Thursday, July 22, 2010
Toronto Raptors: All-Time NBA Starting Fives
This fan base was on the right side of VC’s other-worldly 2000 dunk contest performance and on the wrong side of Allen Iverson’s 2001 Eastern Conference Semifinals, Kobe’s 81 and “Hedo Turkoglu: Free Agent”. In the most complimentary way possible, it’s tough to find a team that’s accomplished less but meant more to the NBA in the past decade and a half.
PG- Damon Stoudamire (19.6 ppg, 8.8 apg, 4.1 rpg, 1.5 spg in 200 games)
On the wings of his brief, good-but-not-great run in Toronto, Stoudamire remains the PG standard for the Raptors. Jose Calderon has shown flashes (10 ppg, 6.7 apg in 291 games; 12- 8.6 over the past two seasons), but has yet to consistently put up big numbers or contribute to a winner. He’s mounting a challenge to Stoudamire’s status as the Raps #1 all-time PG, but needs to put up another couple of solid seasons.
SG- Vince Carter (23.4 ppg, 5.2 rpg, 3.9 apg, in 403 games)
Vince Carter was the first “superstar” in franchise history, and took the Raptors to within a buzzer-beater of the East Finals, his (and the Raps’) highwater mark to date. In his time in Toronto, Carter won the 1999 Rookie of the Year award, made five All-Star teams, delivered the greatest-ever dunk contest performance in 2000 and, when he was in “Half Man, Half Amazing” mode, produced some of the greatest in-game highlights the NBA’s ever seen. He also remains the franchise’s leader in points, with 9,420.
Long before LeBron publicly took a steaming dump on Cleveland, VC was incessantly jerking the fans of Toronto around, first by insisting on attending his UNC graduation ceremony on the morning of Game 7 of the 2001 Eastern Conference Semifinals (good thing he didn’t have a big day ahead at his seven-figure-salary job), and most notably by admittedly tanking the 2004-05 season in an attempt to orchestrate his exit, thus forcing the team into a pennies-on-the-dollar deal with the Nets. And I won’t even get into the times he avoided contact in the lane, jacked up fadeaway 3s to avoid even entering the lane, or hit the deck (see photo) because of phantom snipers that seemed to follow him around.
Vince Carter’s treatment of the fans of Toronto: sponsored by Summer’s Eve.

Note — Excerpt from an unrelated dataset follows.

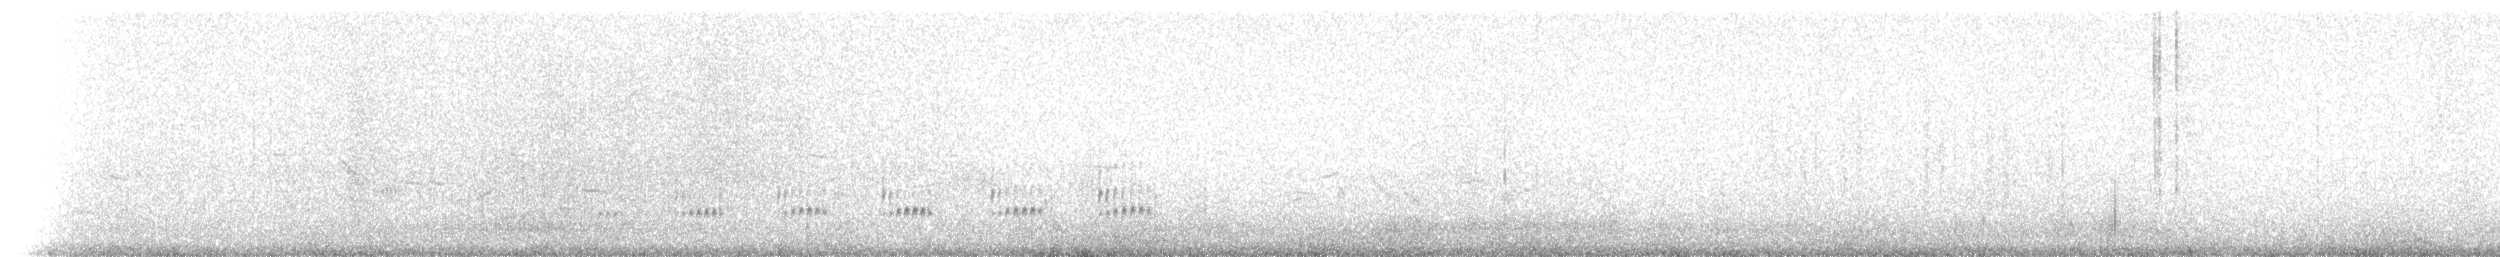 jespák pobřežní (ssp. ptilocnemis) - ML237720
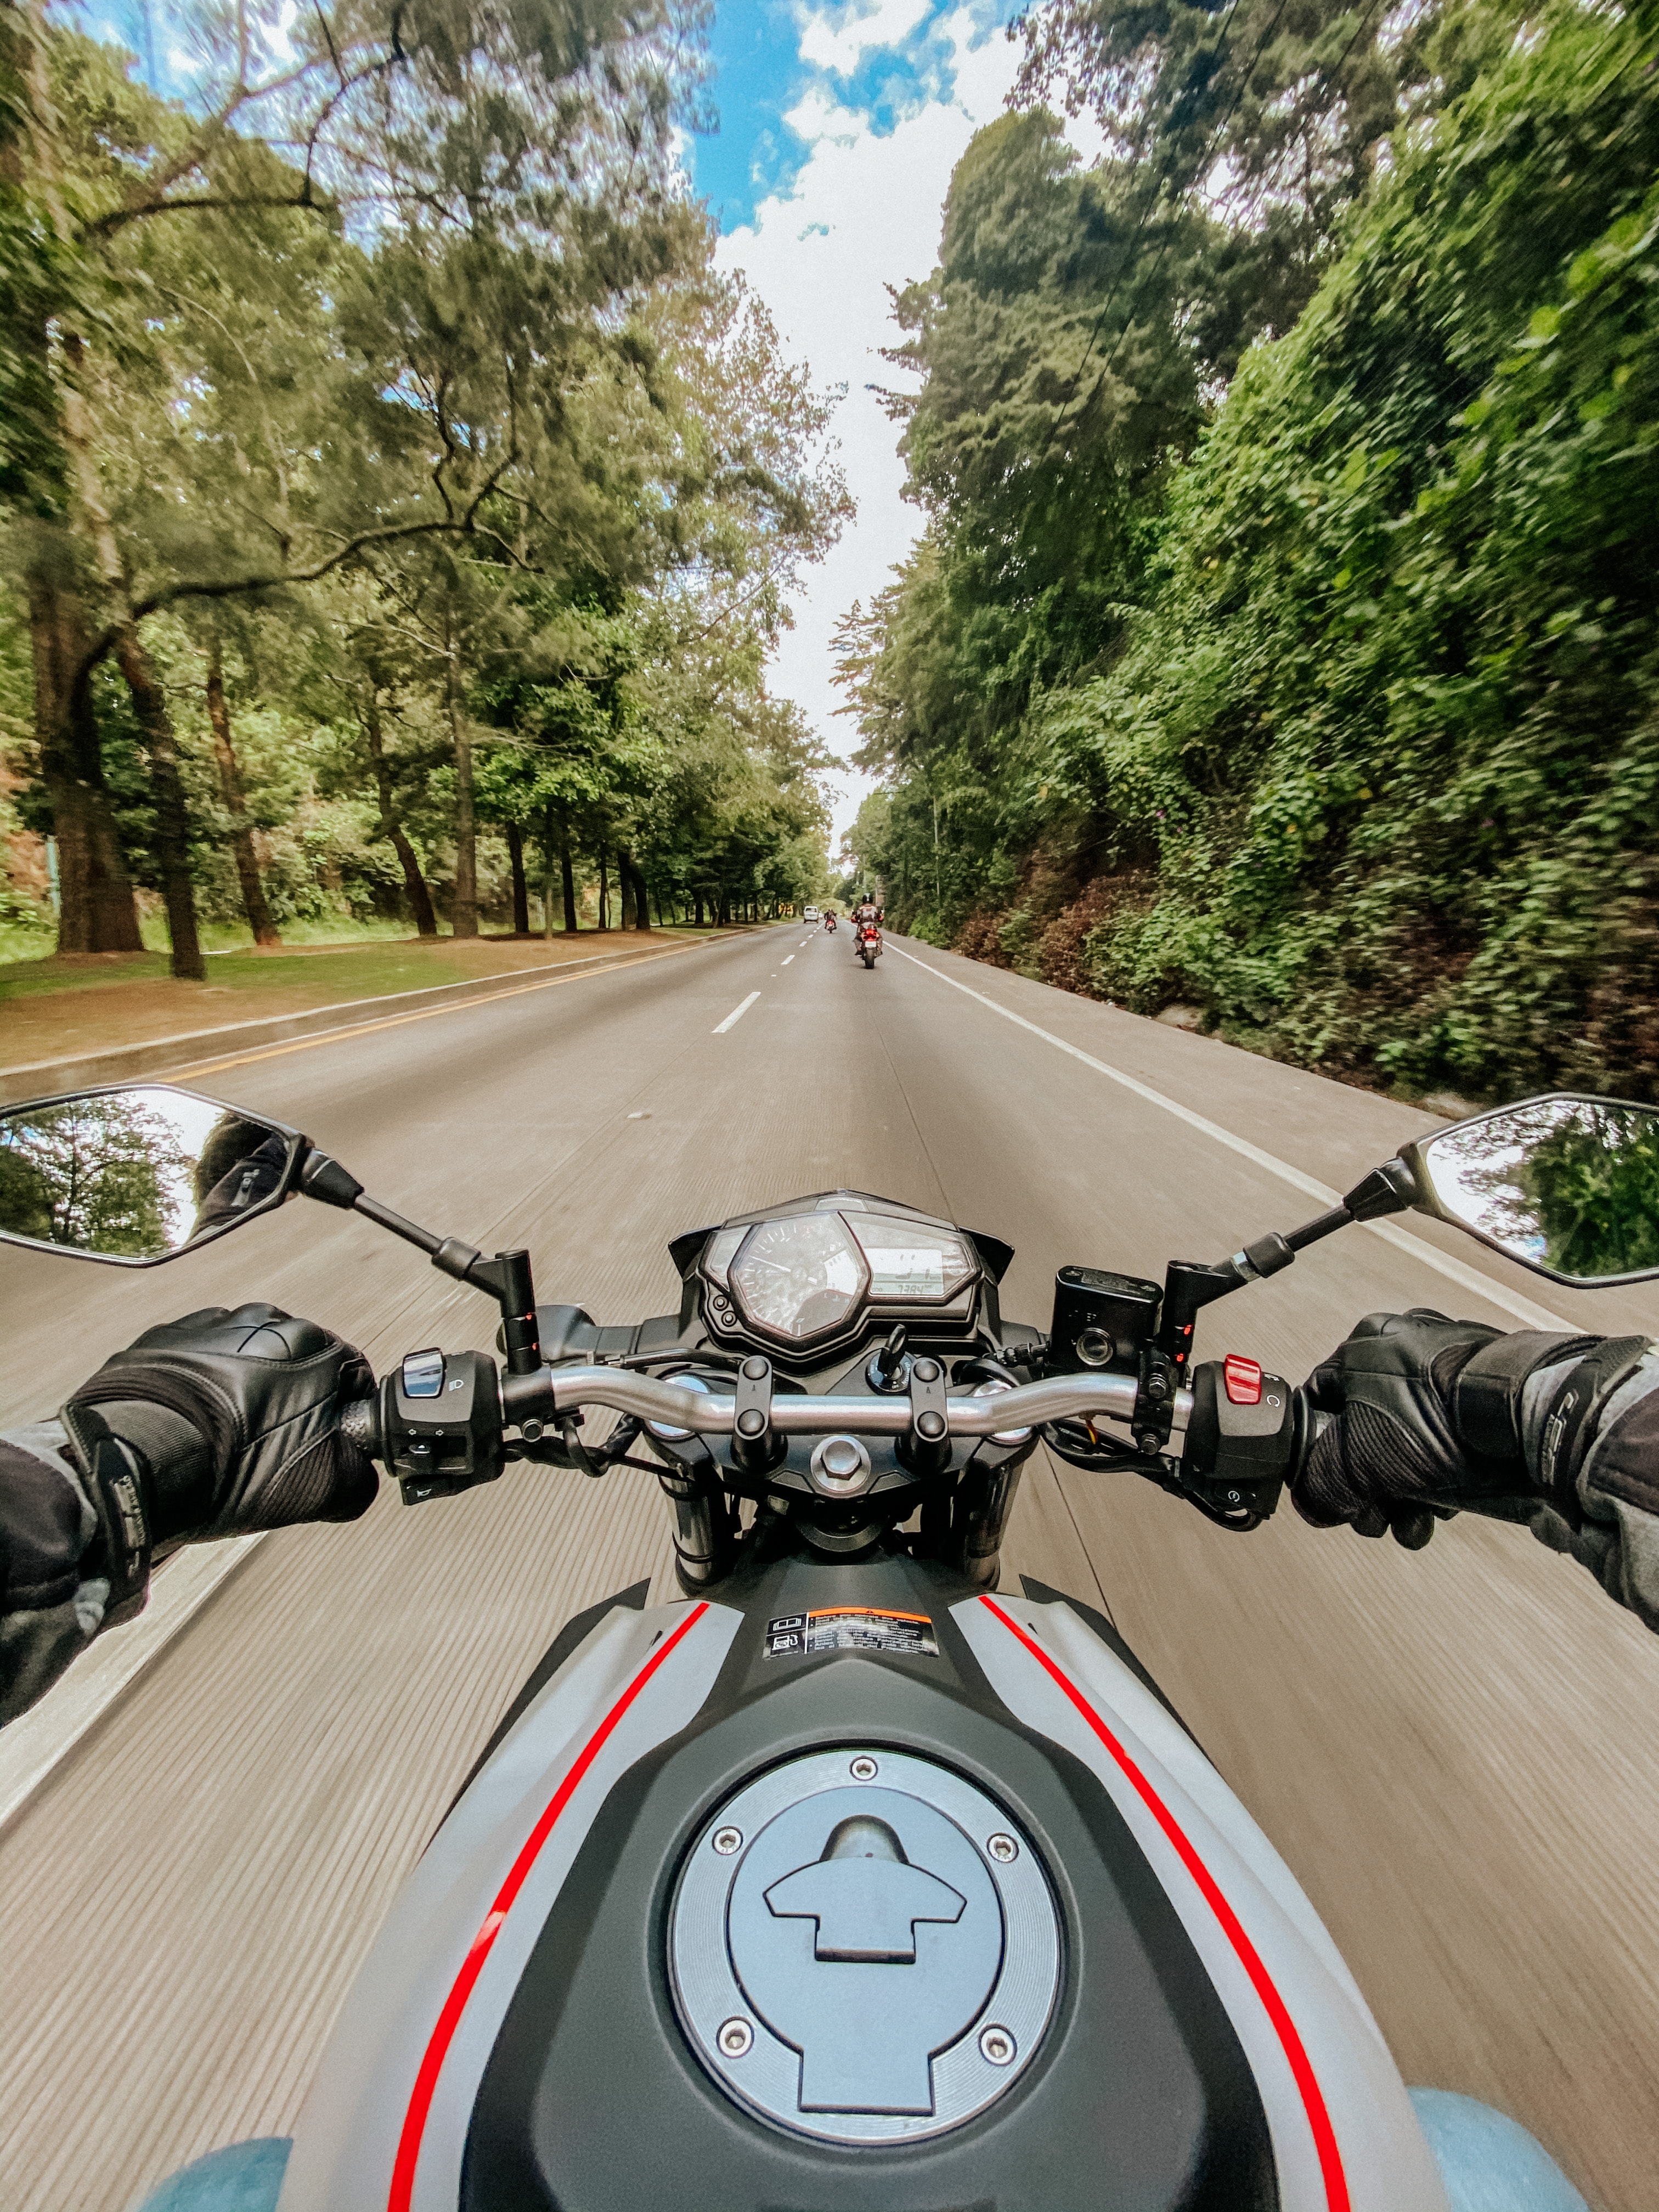 motorcycle, bike, motorcycles, road, speed

SF- Morris Peterson (12 ppg, 3.8 rpg, 801 3-pointers made in 542 games)
This spot should be Peterson’s for the next year or two, but should be transferred to former #1 pick Andrea Bargnani, who developed into a pretty nice player (last season: 15.3 ppg, 5.3 rpg, 45-83-41 FG-FT-3-pt; career: 12.4- 4.3, 42-83-38), but one might want to look into snatching a rebound or averaging multiple assists per game. Statistically, Donyell Marshall is actually tops this list, with solid scoring (13.8 ppg) and rebounding (8.7 rpg) numbers, and excellent shooting accuracy (45.7%, 41% 3-pt). A young Tracy McGrady (11.1 ppg, 5.5 rpg in just under 25 minutes/game) also got a look, but had yet to fully develop.
PF- Chris Bosh (20.2 ppg, 9.4 rpg in 509 games)
Thing is, as good as Bosh has become- and he’s an excellent player- he’s not a superstar or a true “franchise player”, as evidenced by the fact that during his seven-year stint in Toronto, the Raptors only finished .500 better twice, never won more than 47 games and made the playoffs twice, winning three of eleven postseason games.
While Bosh was a clear and easy winner, a couple of other guys worth mentioning here are Antonio Davis, who averaged a near-double-double (12.9 ppg, 9.2 rpg) in four years (three of them above .500) with the Raptors, and Charles Oakley (8- 8 in 208 games) because he scares me.